Task requirements - Copy out the data exactly, leaving the pictures behind.

(Data segment Opens)

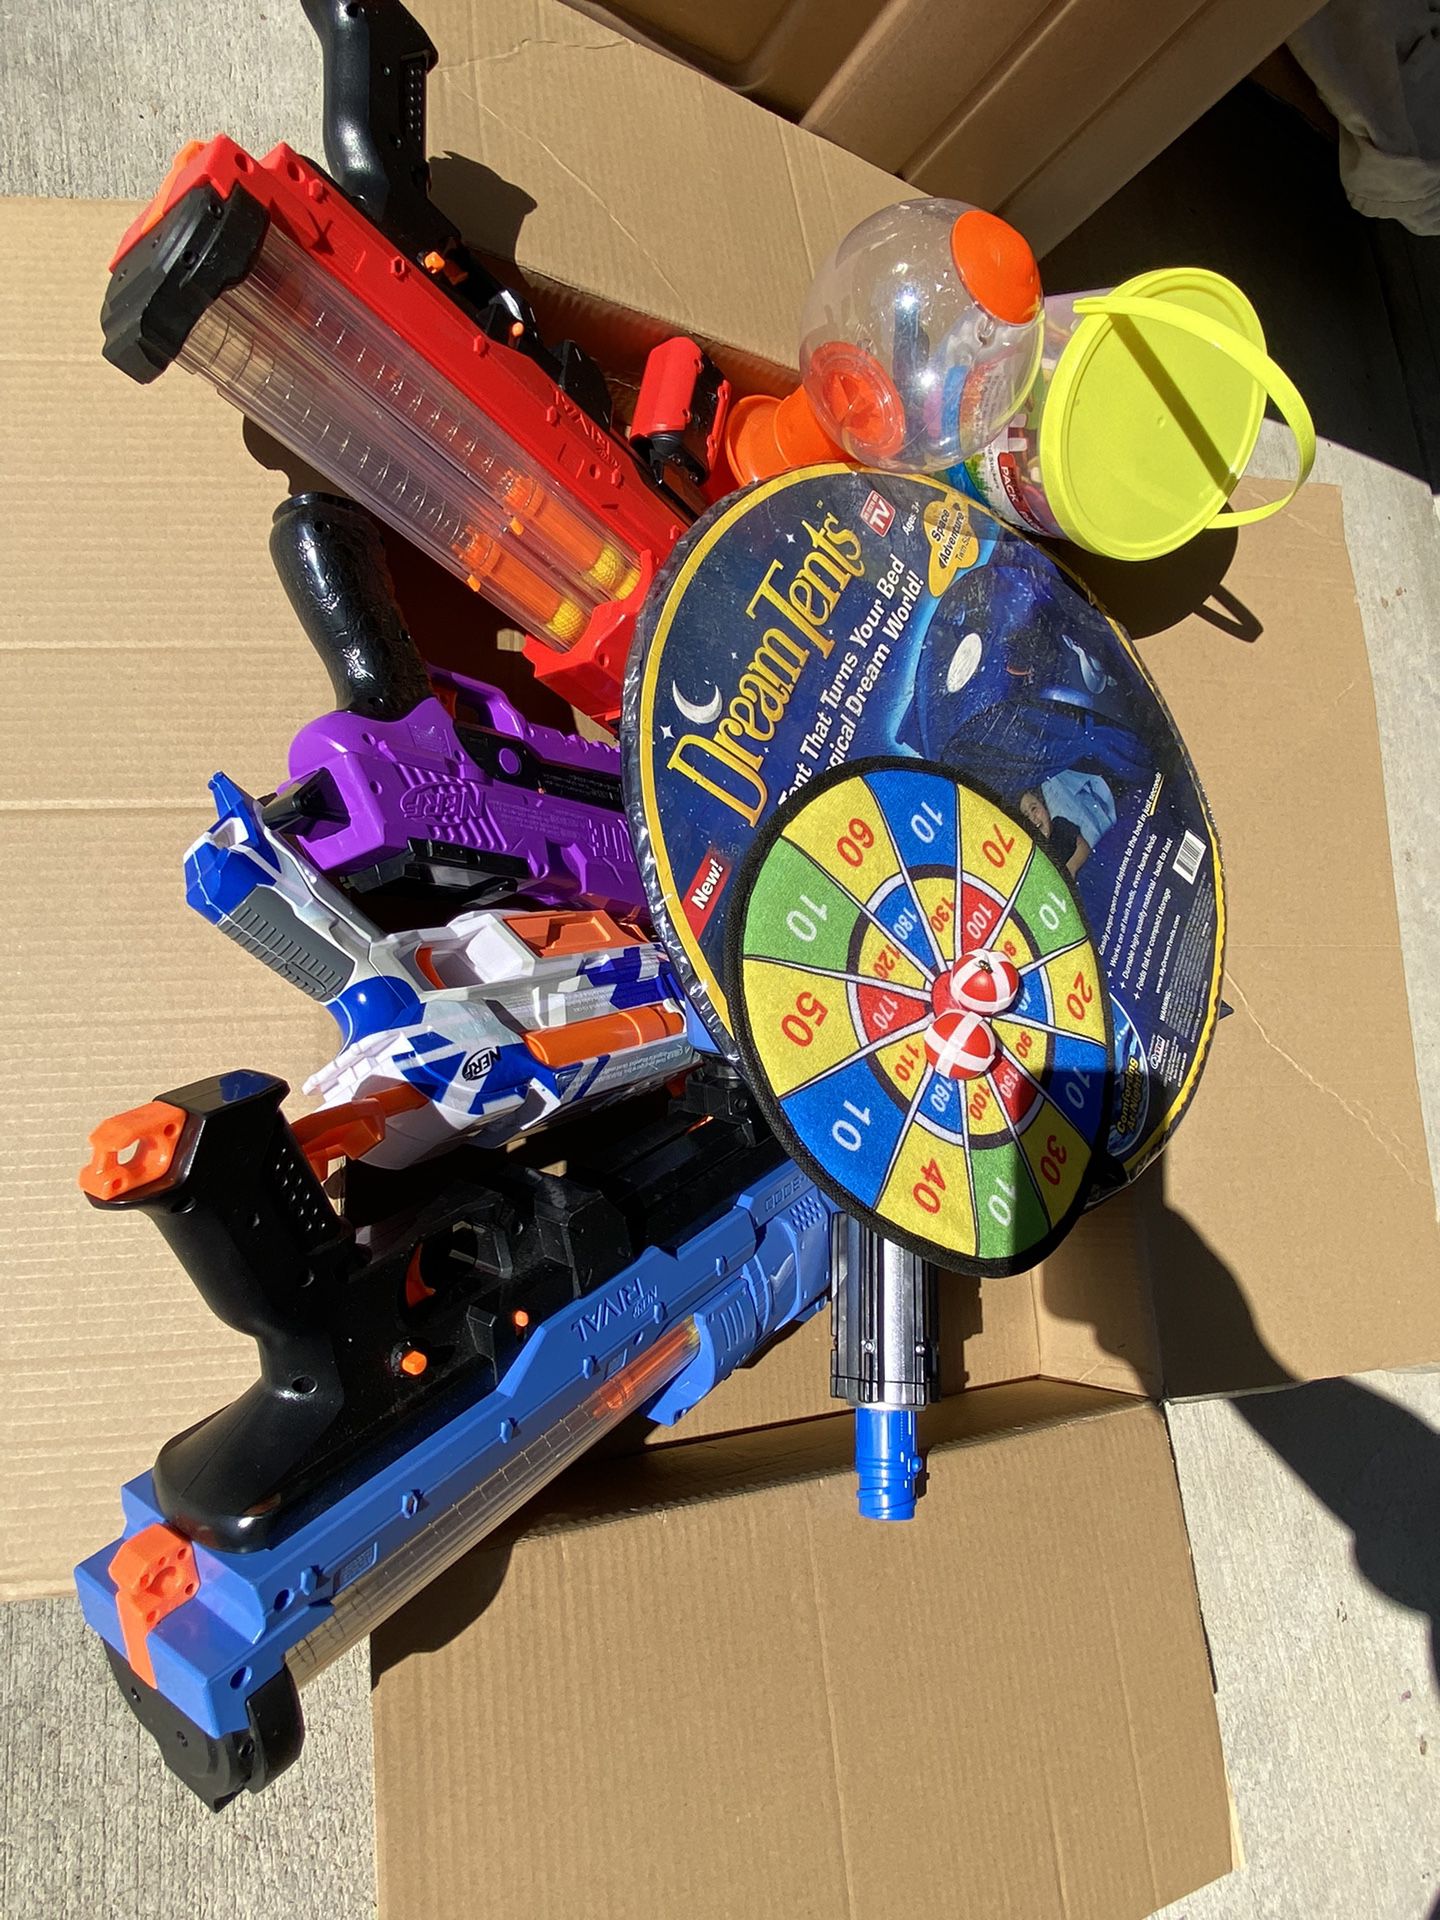 Children's Toys, Drone, Nerf Guns , Board Games, Puzzles Etc. 
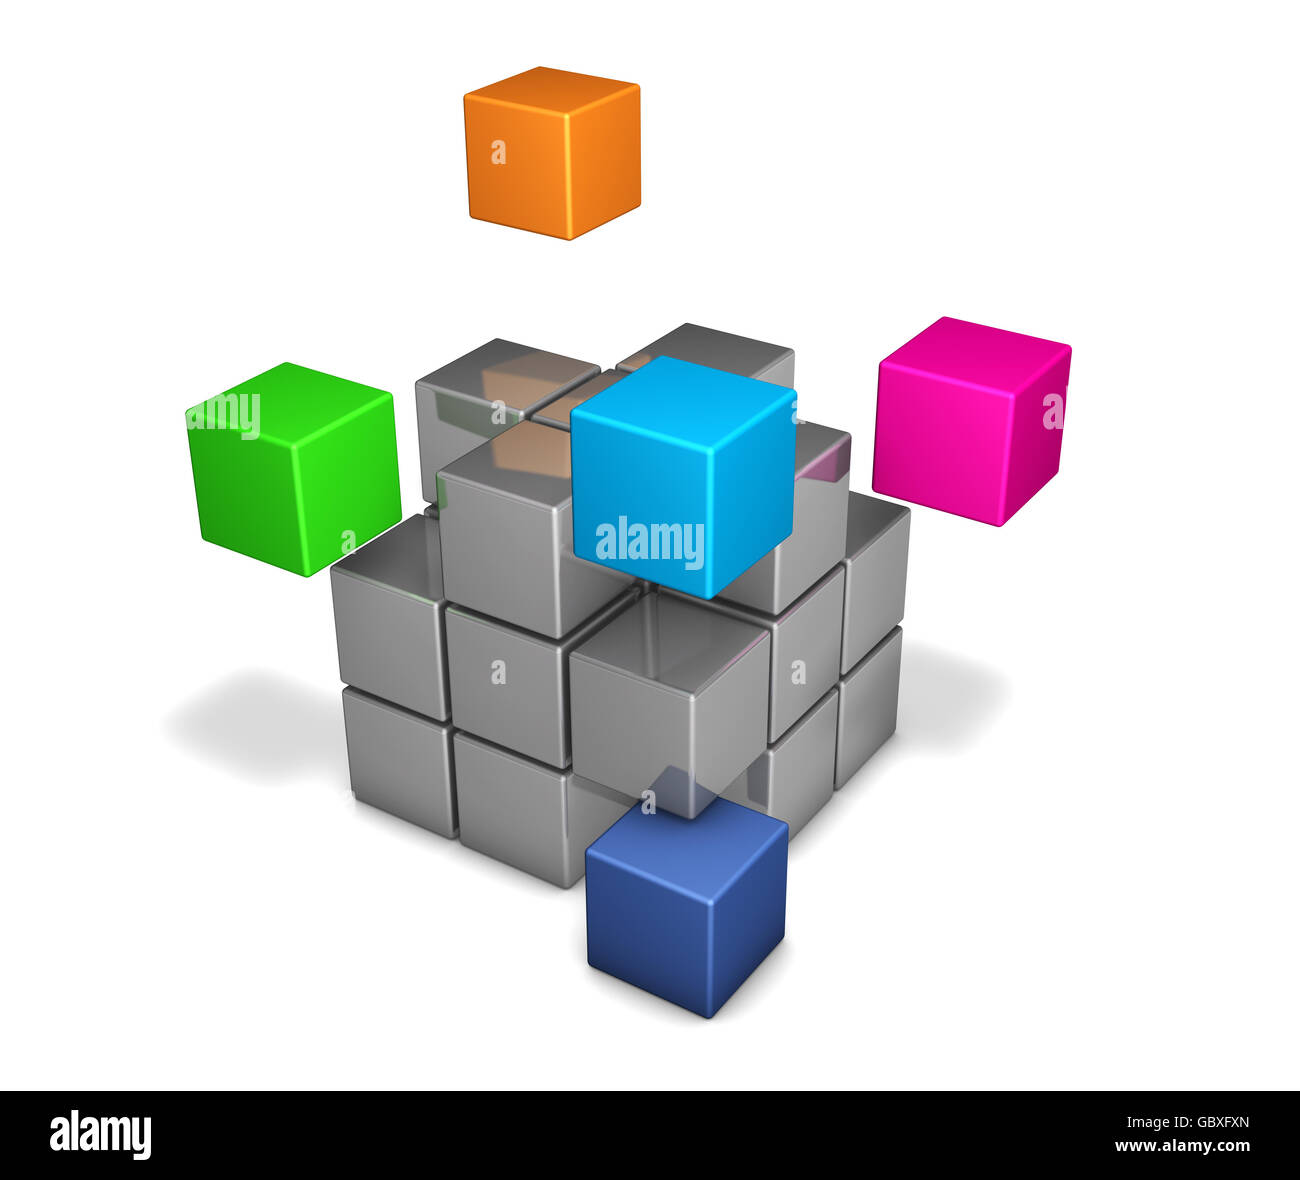 Teamwork and business project collaboration concept with colorful cubes 3D illustration on white. Stock Photo
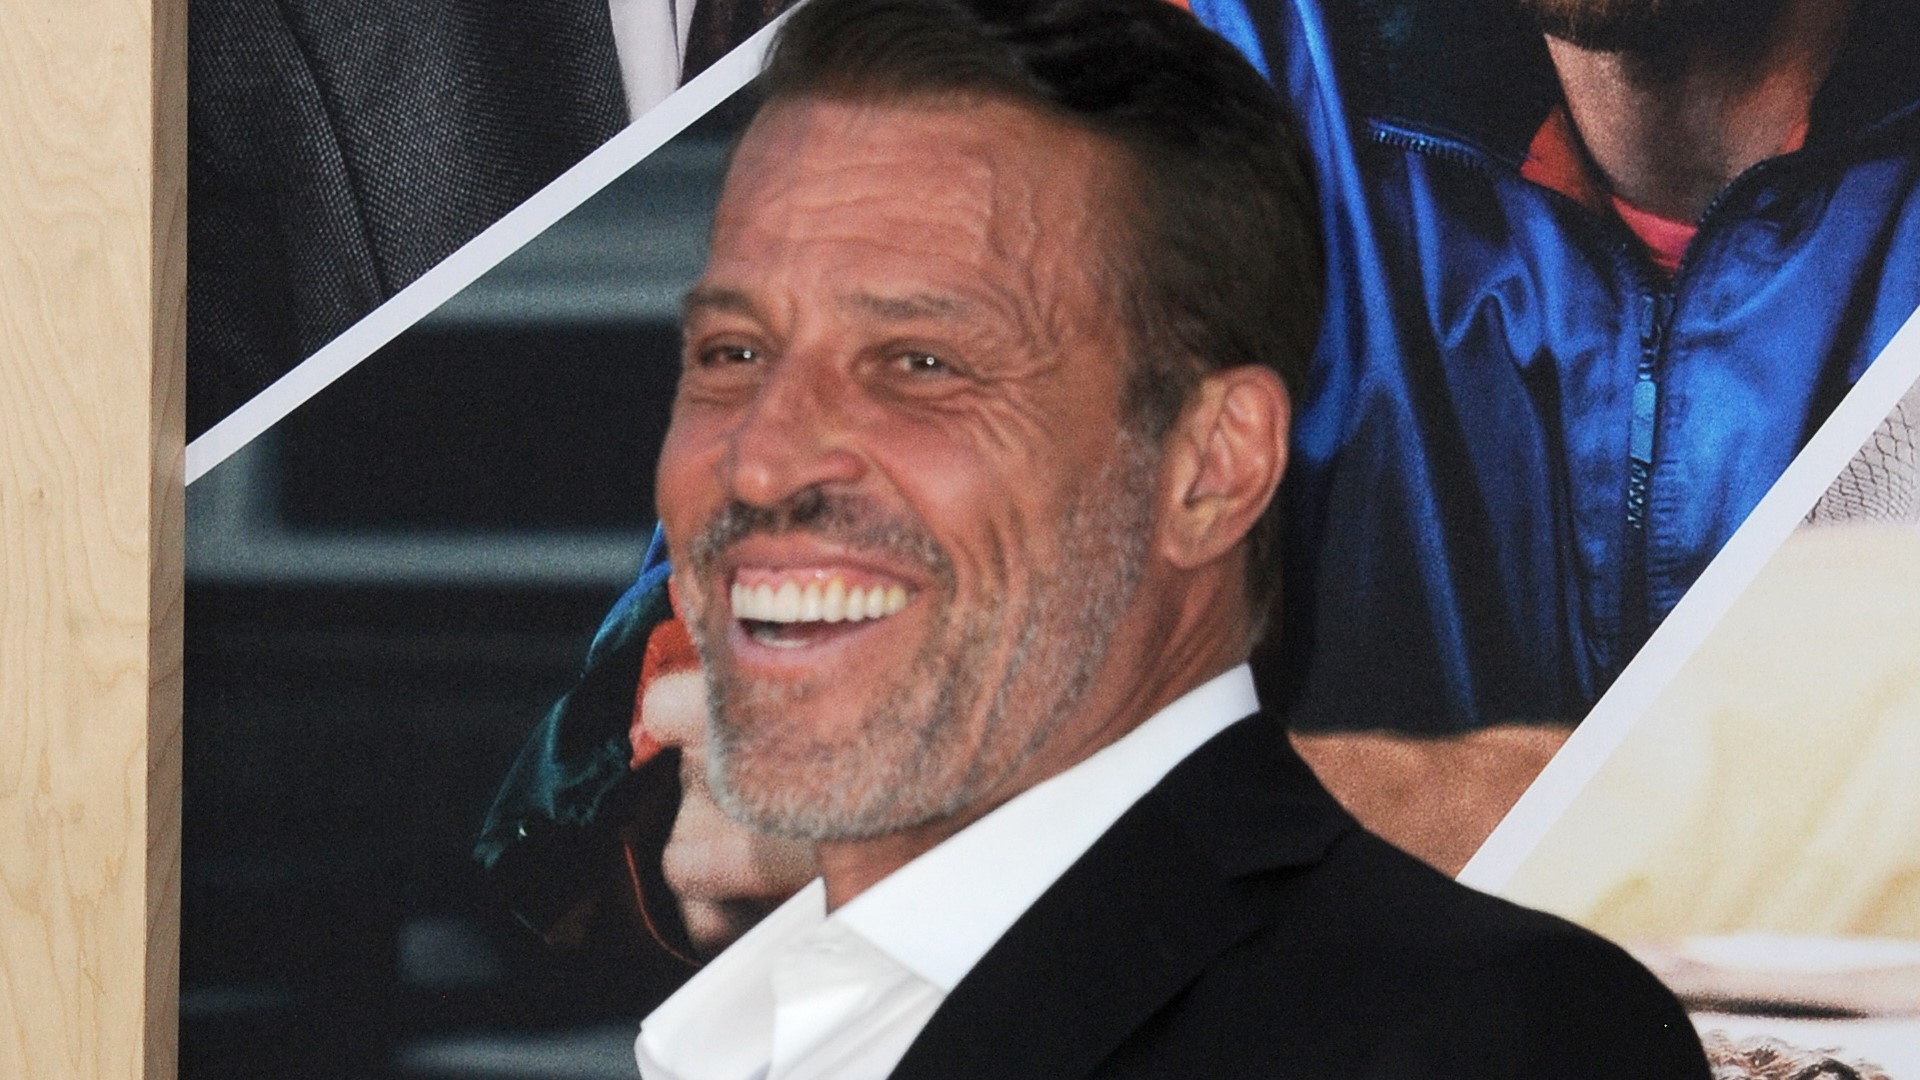 tony robbins: 5 retirement planning tips he swears by

(Data segment Closes)

Written solution -
 Children's Toys, Drone, Nerf Guns , Board Games, Puzzles Etc. 
 Teamwork and business project collaboration concept with colorful cubes 3D illustration on white. Stock Photo
 tony robbins: 5 retirement planning tips he swears by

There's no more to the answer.